Every team I have joined had a CI pipeline that looked fine on the surface and was rotting underneath. Tests took 14 minutes to run when they used to take 4. The deploy job had a flaky retry loop nobody had touched in a year. Half the steps emitted warnings that everyone scrolled past. The shape is universal: pipelines start tidy and decay slowly, and the decay is invisible until somebody new joins and asks why a build takes longer than the actual work.

This article is the maintenance discipline that has kept my pipelines fast and trusted across several teams. Seven categories of rot I keep finding, the lightweight habits that prevent each, and a small monthly budget so the pipeline is treated like the production code it actually is.

Why pipelines rot

A CI pipeline is code that runs on a schedule, has no real on-call, and serves an audience (engineers waiting on green) that has limited leverage to fix it. That combination produces the same kind of decay you see in any code that nobody owns: small inefficiencies accumulate, flakiness gets papered over with retries, and after eighteen months the pipeline is the slowest, least-trusted part of the engineering system.

The fix is not heroic rewrites. It is a small set of habits applied weekly so the rot never builds up.

Seven categories of rot I keep finding

Rot 1: warnings everyone has learned to ignore

The pipeline output has 80 lines of yellow text. None of it is acted on. New warnings get added because nobody notices when there are 80 already. After a year, a real warning (a deprecated API that will break the next quarter) is invisible in the pile.

Fix: warnings are errors or they are deleted. I run a quarterly pass where every warning either becomes an error (forcing a fix or an explicit allow-list) or gets suppressed at the source with a one-line justification.
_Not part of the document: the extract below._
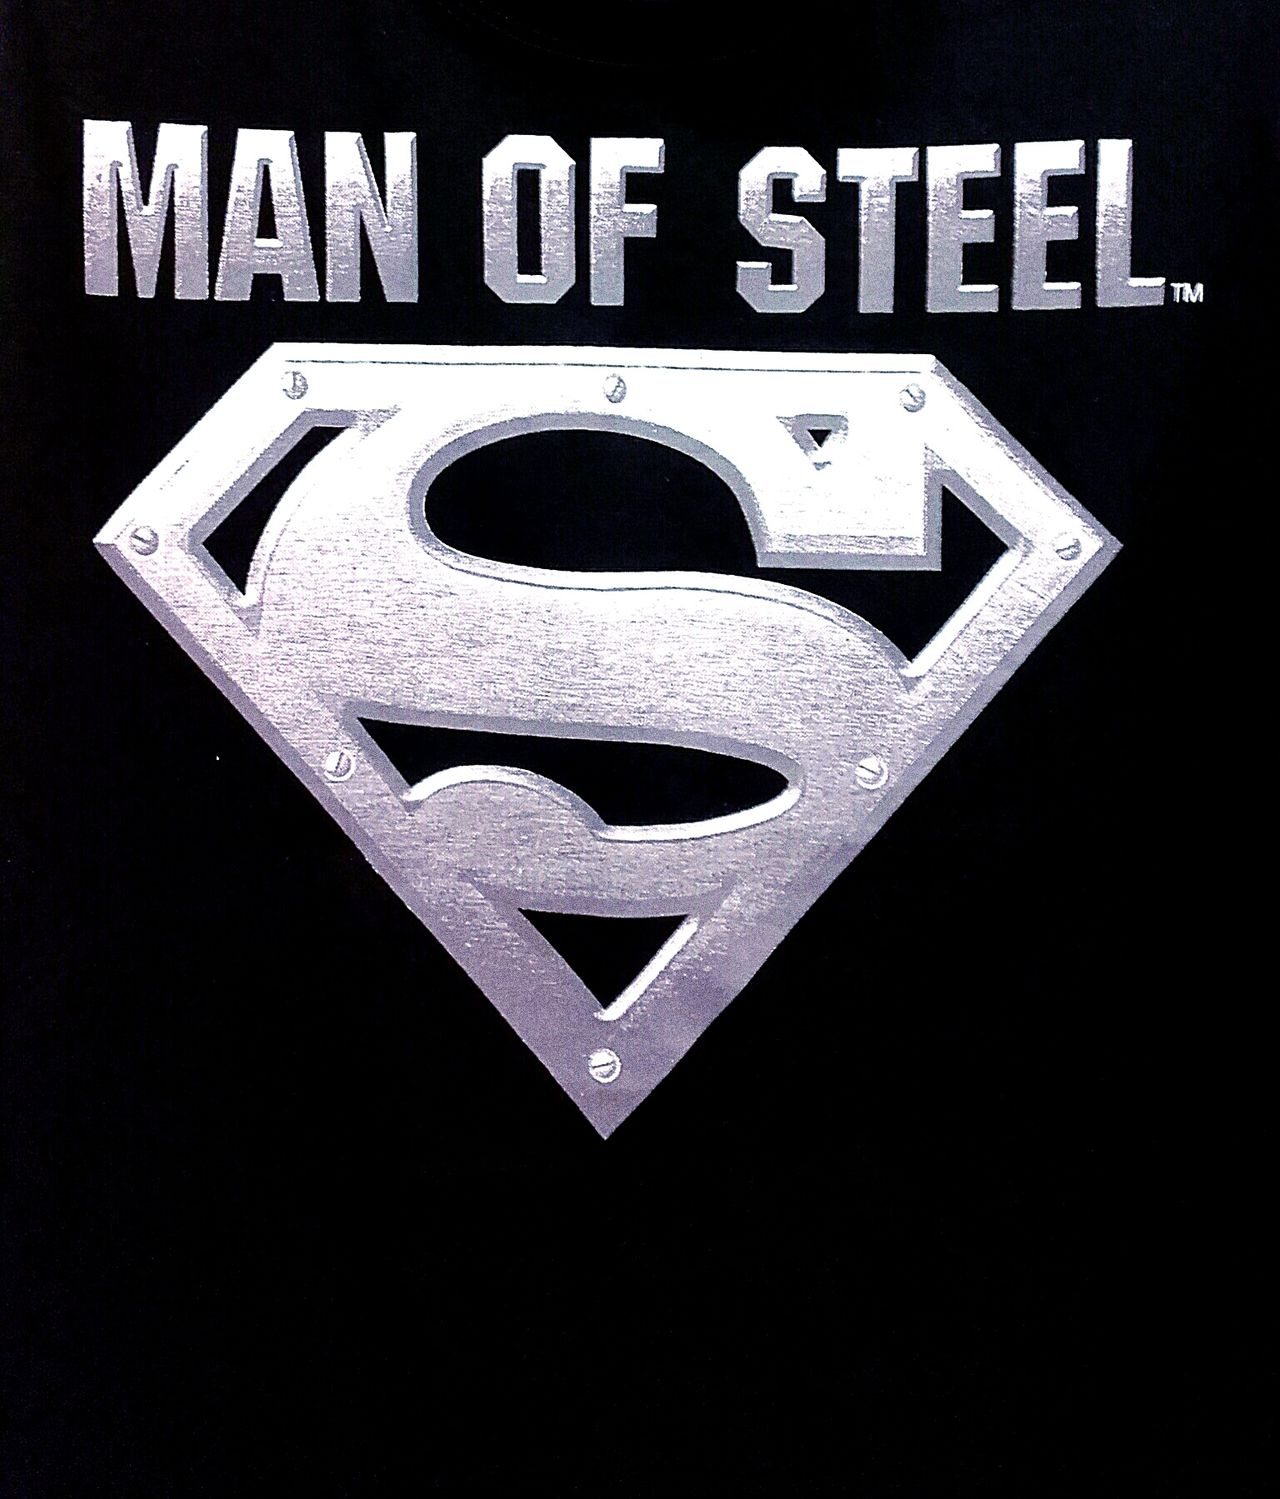 Man Of Steel Superman T Shirt Tshirts Tshirt T Shirt Collection Manofsteel T Shirts Tee Shirt Superman Tshirt♡ Tshirtoftheday Tshirtcollection T Shirt Super Hero TshirtQuotes Superheroes SupermanPorn S Tshirtporn Teeshirt Tee Shirts Teeshirts Tees Man O' Steel

The pipeline output goes from 80 lines to about 8, and the remaining ones get attention.

Rot 2: silent test slowdowns

The test suite ran in 4 minutes a year ago. It runs in 14 today. Nobody noticed; it crept up by 30 seconds a month. The slowdown is almost always a small number of tests that did something expensive (spun up a real DB, called a real API, slept).

Fix: a duration histogram for the slowest 20 tests, posted to a Slack channel weekly. If a test is in the top 20 and is over 5 seconds, it is either fixed or deliberately tagged as slow and split into a separate slower-running suite. The weekly habit is what makes this work; once-a-quarter audits are too late.

A tiny script (the actual one I have shipped on three teams now) that computes the top 20 from a JUnit XML file:

# top-20 slowest tests from the last CI run
xmlstarlet sel -t \
  -m '//testcase' \
  -v '@time' -o ' ' -v '@classname' -o ' ' -v '@name' -n \
  test-results/*.xml \
  | sort -rn | head -20

Not fancy. Catches 80% of the slowdowns.

Rot 3: flaky tests with auto-retries

A test fails 3% of the time. Somebody adds a retry. The retry succeeds 95% of the time, so the build is green. The flakiness is now permanent, eats CI budget, and hides real regressions when the underlying issue gets worse.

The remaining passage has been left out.